### INFORMATION SUPPLIED
※

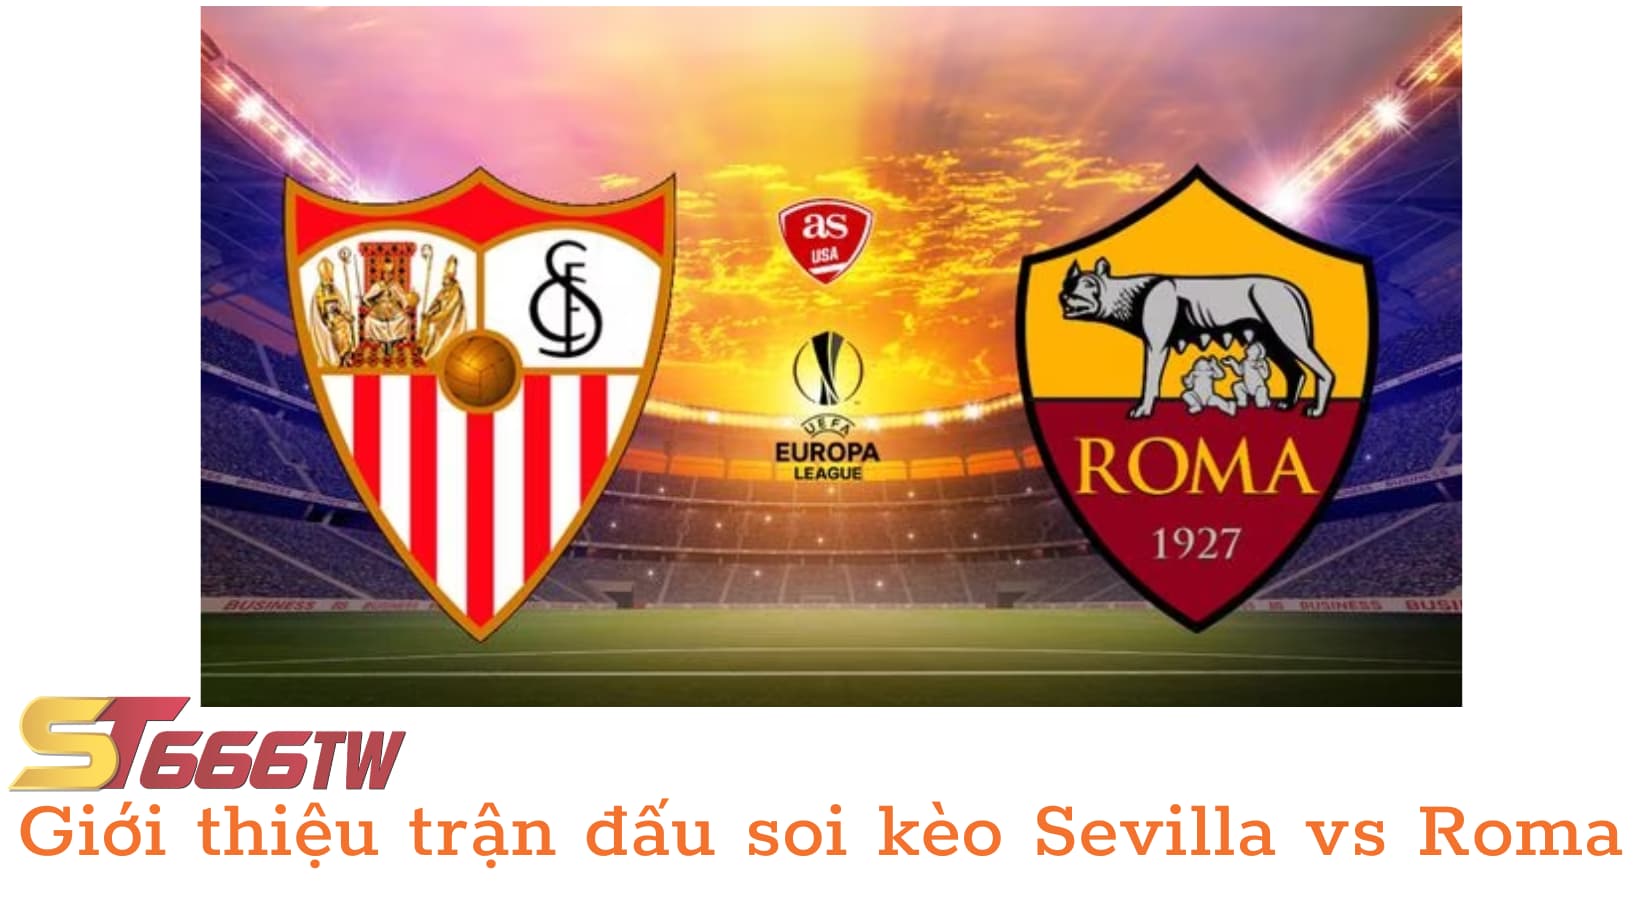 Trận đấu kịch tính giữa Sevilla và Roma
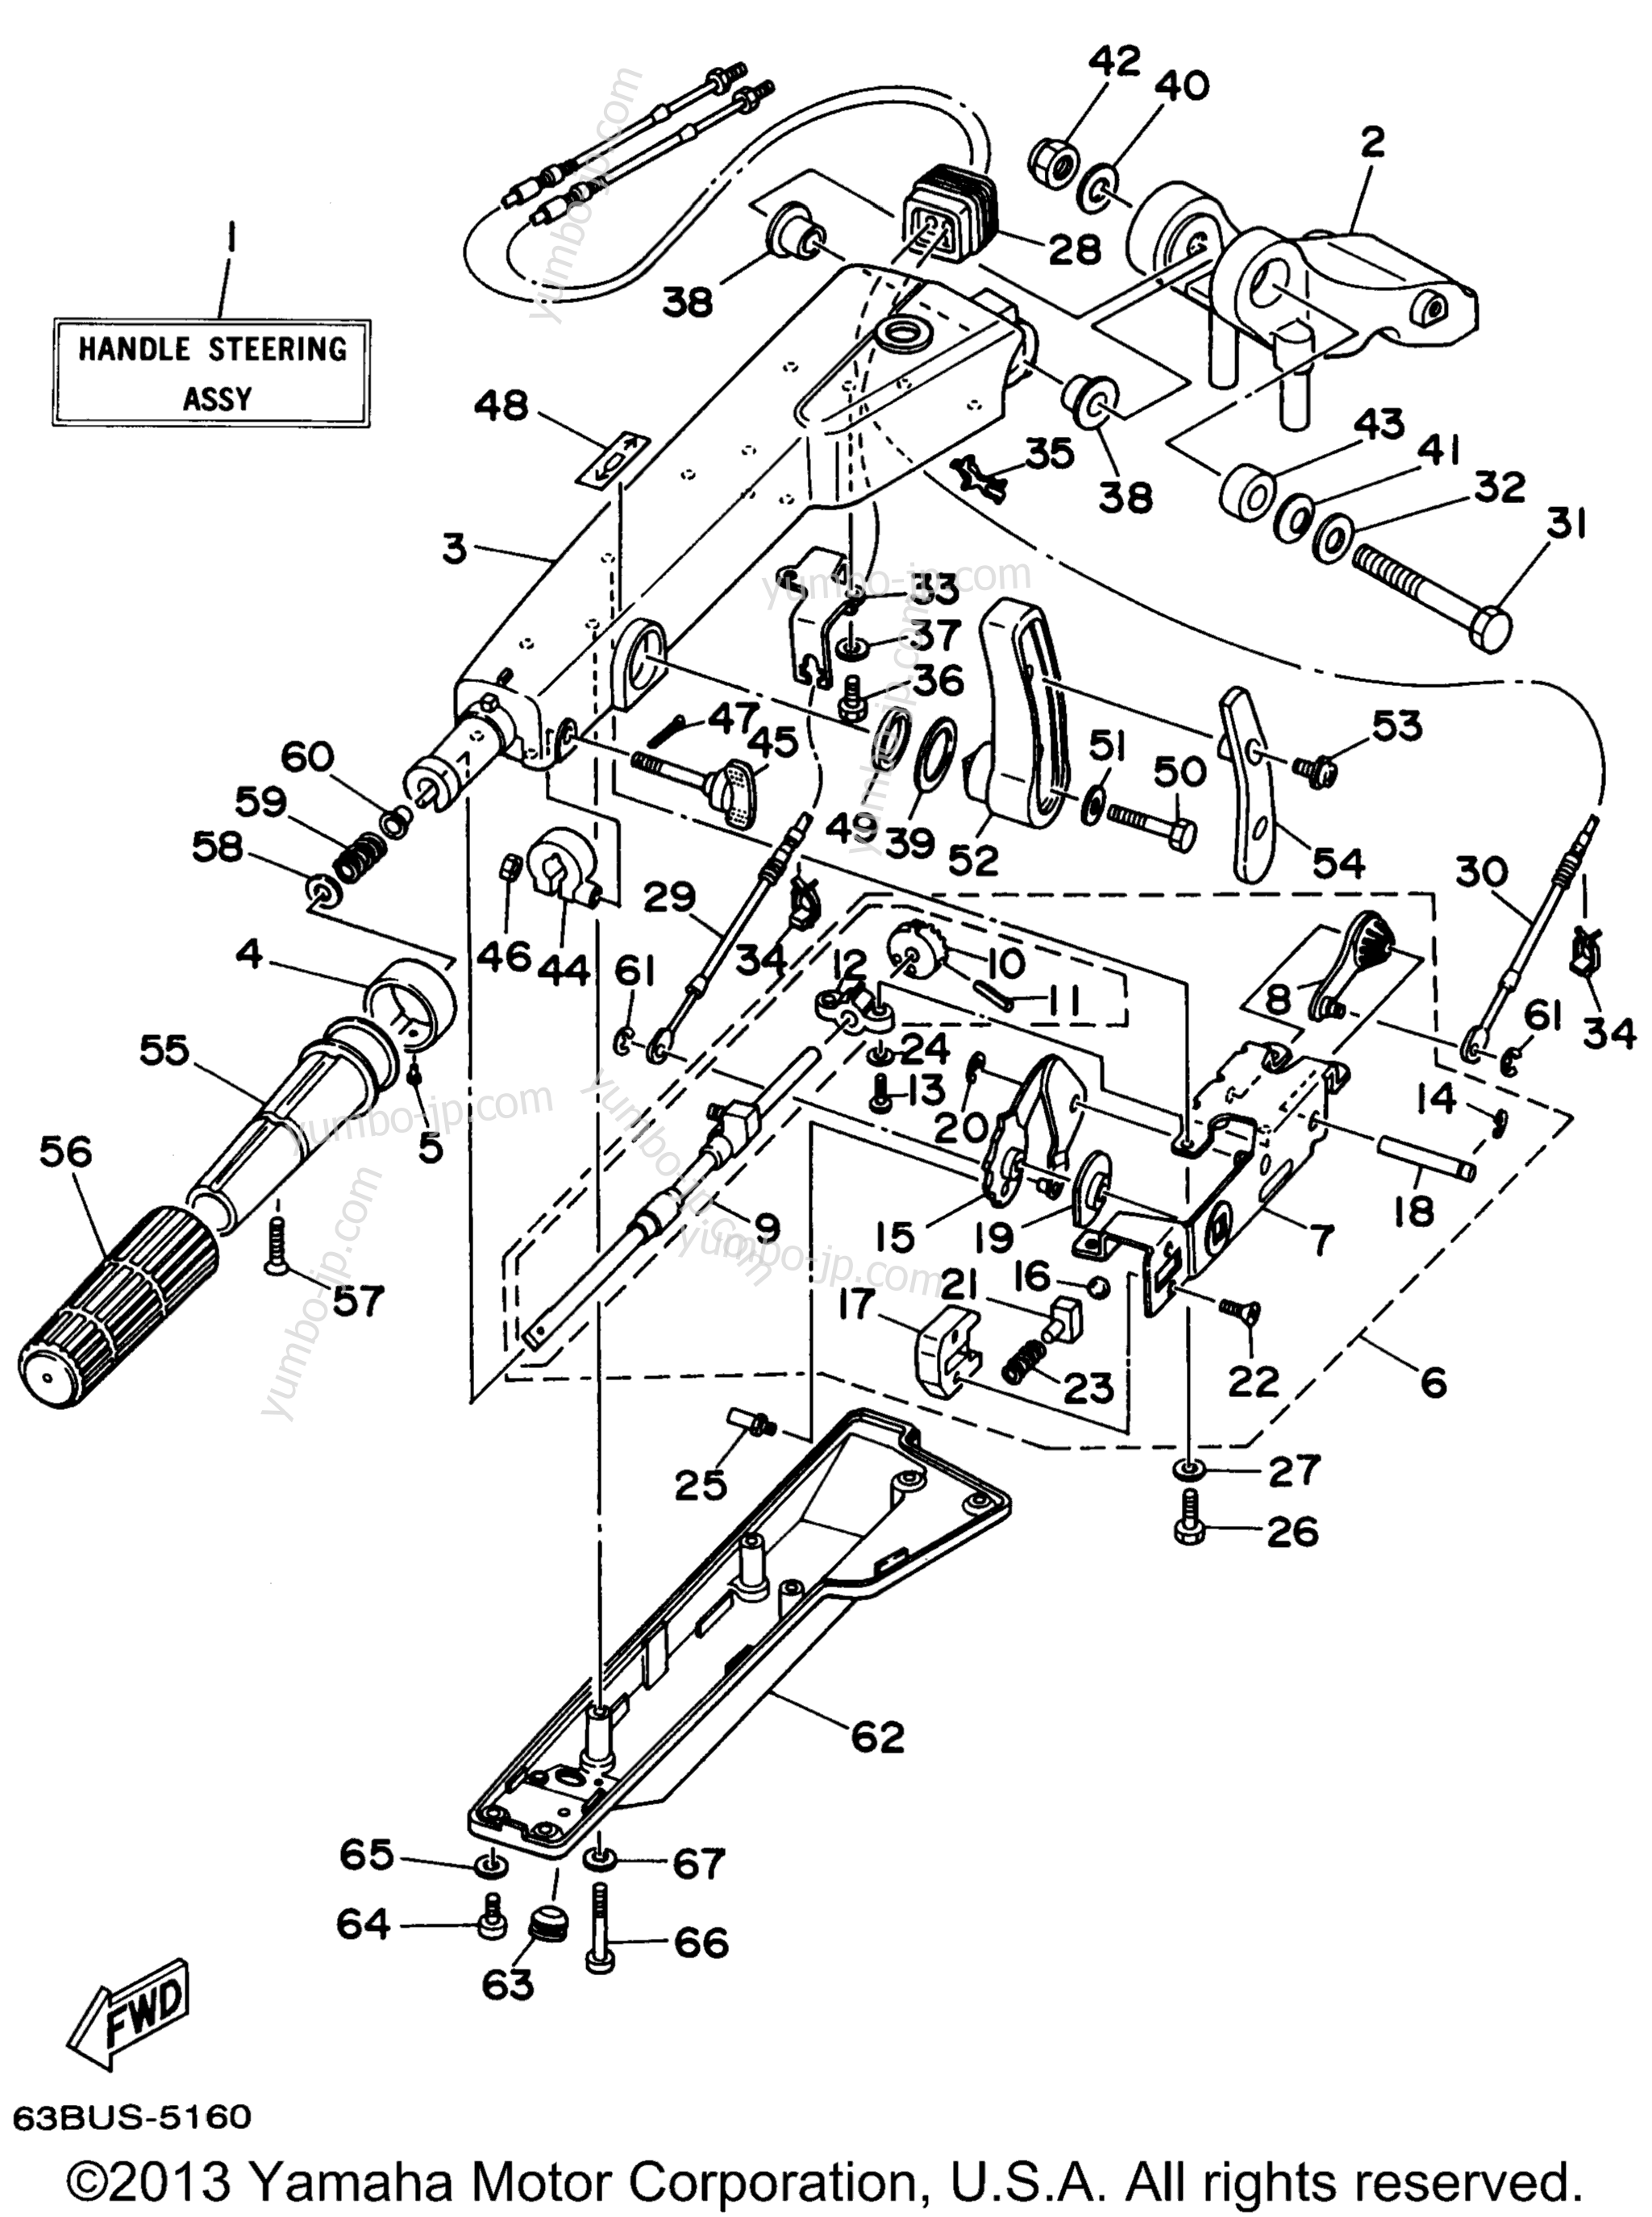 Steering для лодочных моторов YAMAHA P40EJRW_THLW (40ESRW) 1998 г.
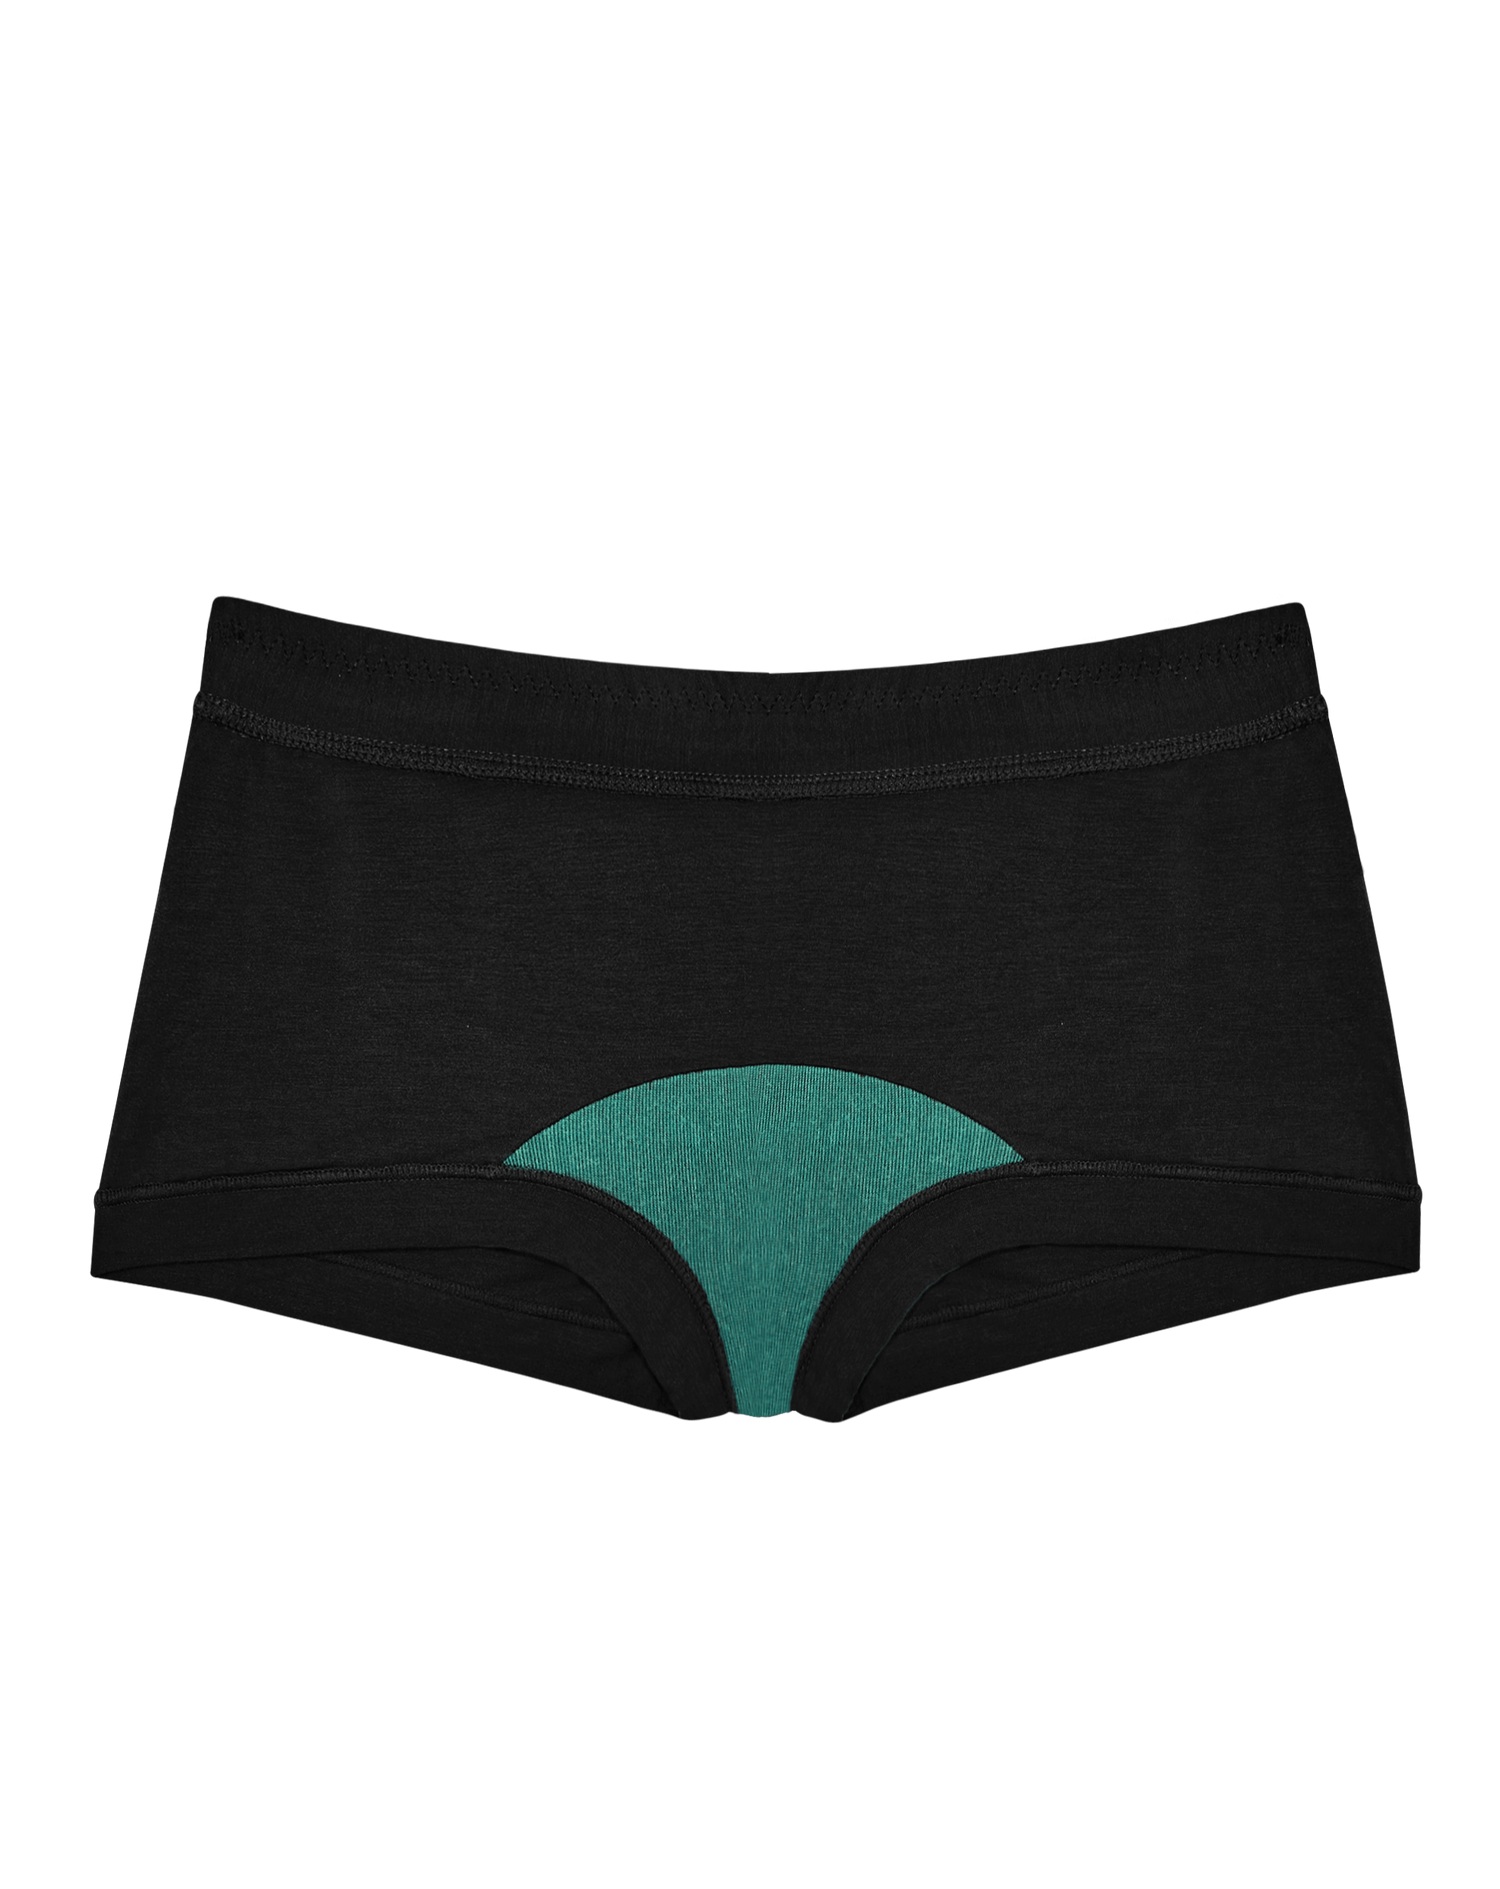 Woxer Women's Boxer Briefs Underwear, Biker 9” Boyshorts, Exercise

※

The answer should consist only of the lines from the one with "Steering для лодочных" through the last line of the material above, copied exactly, with no pictures.

### RESULT BELOW
 Steering для лодочных моторов YAMAHA P40EJRW_THLW (40ESRW) 1998 г.
 Woxer Women's Boxer Briefs Underwear, Biker 9” Boyshorts, Exercise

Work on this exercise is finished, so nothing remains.